EDIT: tagarg, tang, tong, nang
EDIT: tumbag (drum, NP dombak )

(1) - It is reasonable to assume, that not all words ending in g/k belong to the group under discussion, or the diminutive group, so we should have Normal, g/k  and Diminutive.

I took '*sag*' out of this list and will add it to the other, also I now think *Mazdak *should belong to the diminutive group.

I think the suffix nâk, added to these Arabic words *asaf*nâk, *xatar*nâk, is important, although I can't find early recorded use of these.




Treaty said:


> This is a very subjective opinion. OP speakers could have said the same thing about us. They might have not been able to pronounce NP properly because of all the stops at the end of the words. It would have been like how many ESL speakers have difficulty pronouncing the ends of English words. Either they drop it (e.g., East Asians) or add a vowel at the end (e.g., Italians). Even us Persians have problem with pronouncing these endings (e.g., _has, raf_ and _gof _instead _hast_, _raft _and _goft_. Or omitting 3rd sing. -_d_ from the present verbs).


The reason I mentioned this was because there was a suggestion (withdrawn now) that all OP words ended in 'a' with exception of a few words. I am familiar with the phenomenon you are describing.




Treaty said:


> OP cuniform comes short of marking nasals (m, n) after [a] (e.g., _k-b-u-ji-i-y_ Cambyses, or _z-r-k_, Drangiana زرنج), however, these nasals are attested in other contemporary languages (Aramaic, Greek and Elamite).


I just want to make sure the established sound rules changes, are not being ignored, just to get a word in a category (something I get accused of).

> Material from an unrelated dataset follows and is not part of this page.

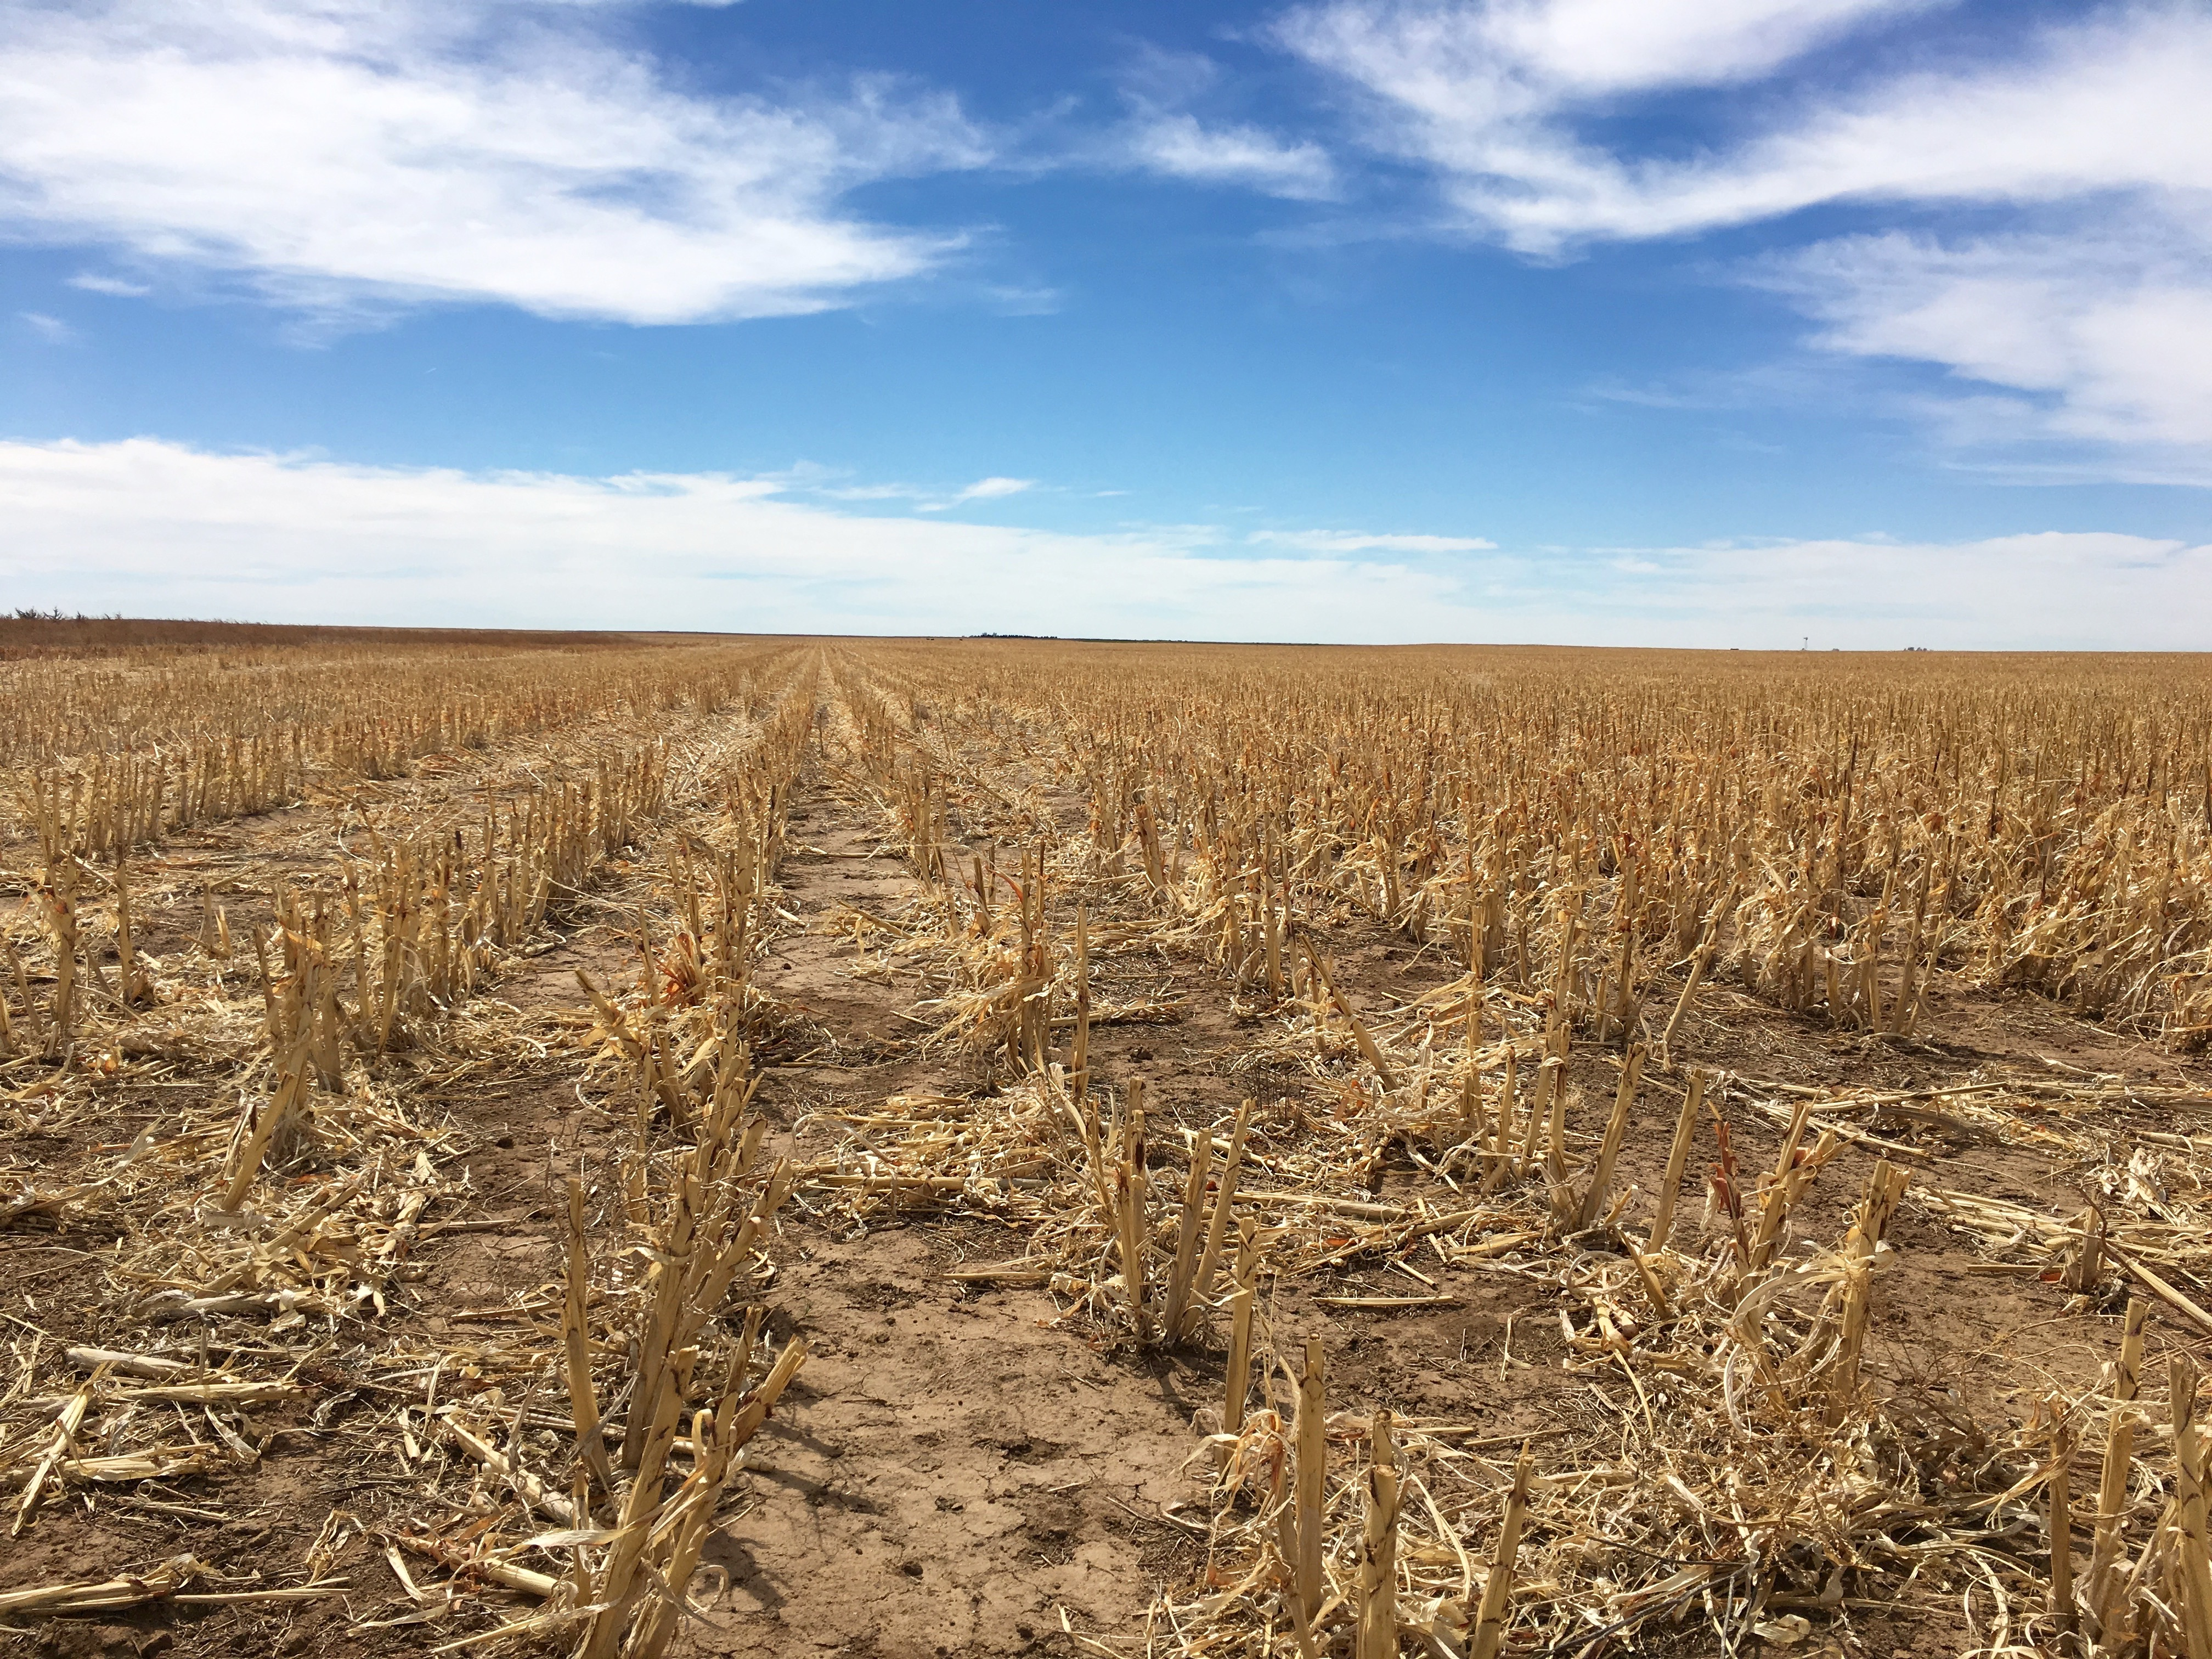 Baca County, Colorado Land for Sale

I'm asking as I don't know. Is it normal to see an unwritten nasal m/n,  as in say, OP and be fully pronounced and written in MP, without breaking any sound change rule? Bearing in mind that  Skt. bandhaka (with 'n') must have been closer to OP version, so, in effect, we went from full 'n' (pre OP) to nasal 'n' (OP) then back to full 'n' (MP & NP).


----------



## Treaty

PersoLatin said:


> I can dismiss bozorg and xošk, until I can be given a convincing reason not to do so,


Have you read the link in post #25? It provided the etymology for both. _bozorg_ comes from _vazra + ka_ and _xošk _from _haos_- + _ka_. Basically, the topic of this discussion is when the apparent -ka suffix which is retained until MP but lost in NP, which you argue wasn't there in MP at all. So, your list includes the words which have this -ka in both MP and NP, minus the diminutive -ka. These two -ka are not definitely diminutive and so should fall into your category. I don't understand why you don't find this convincing.


PersoLatin said:


> kōdak, mang (dizyy), maŝk, meŝk, namak, nik (nikōg qualifies), ordak, pāk, rag (vein), rang, sabok, sang, tāk, xāk, xunak, zirak.

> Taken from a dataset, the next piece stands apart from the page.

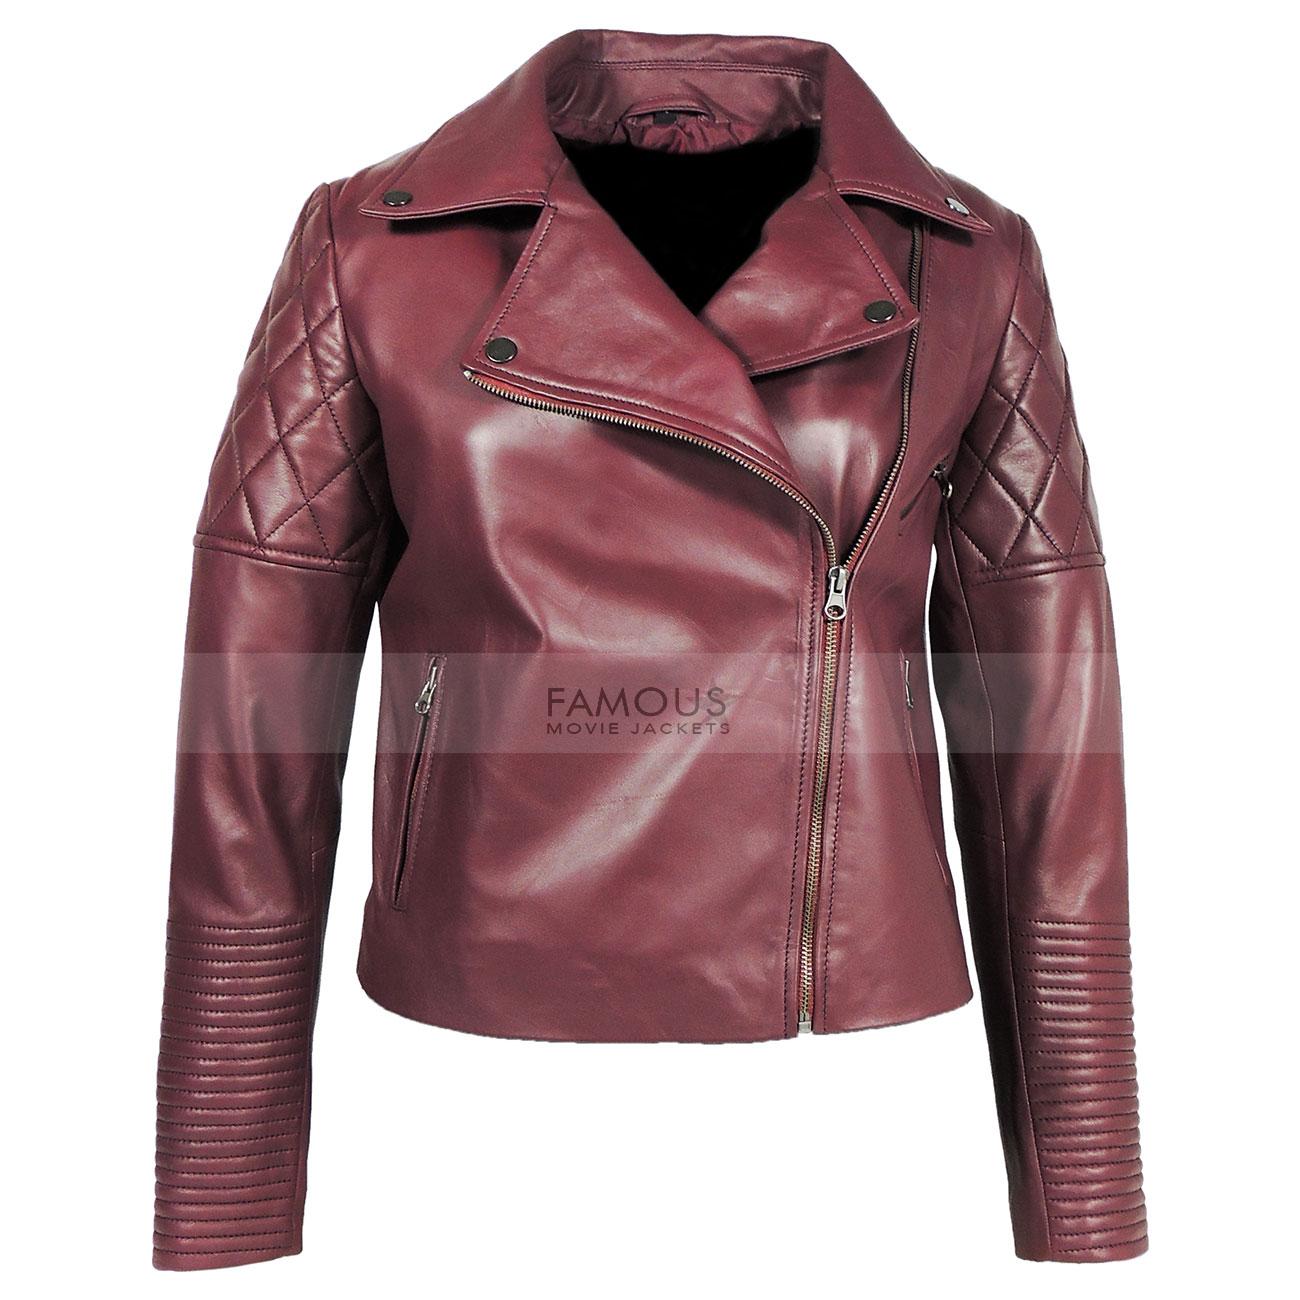 Fifty-Shades-of-Grey-Dakota-Johnson-Jacket1

kodak and zirak are probably diminutives. sang, rang and rag have g as a part of their root. namak and xonak can be either of -k suffixes. I don't know about others.


PersoLatin said:


> I think the suffix nâk, added to these Arabic words *asaf*nâk, *xatar*nâk, is important, although I can't find early recorded use of these.


No idea about it.


PersoLatin said:


> I'm asking as I don't know. Is it normal to see an unwritten nasal m/n,  as in say, OP and be fully pronounced and written in MP, without breaking any sound change rule? Bearing in mind that  Skt. bandhaka (with 'n') must have been closer to OP version, so, in effect, we went from full 'n' (pre OP) to nasal 'n' (OP) then back to full 'n' (MP & NP).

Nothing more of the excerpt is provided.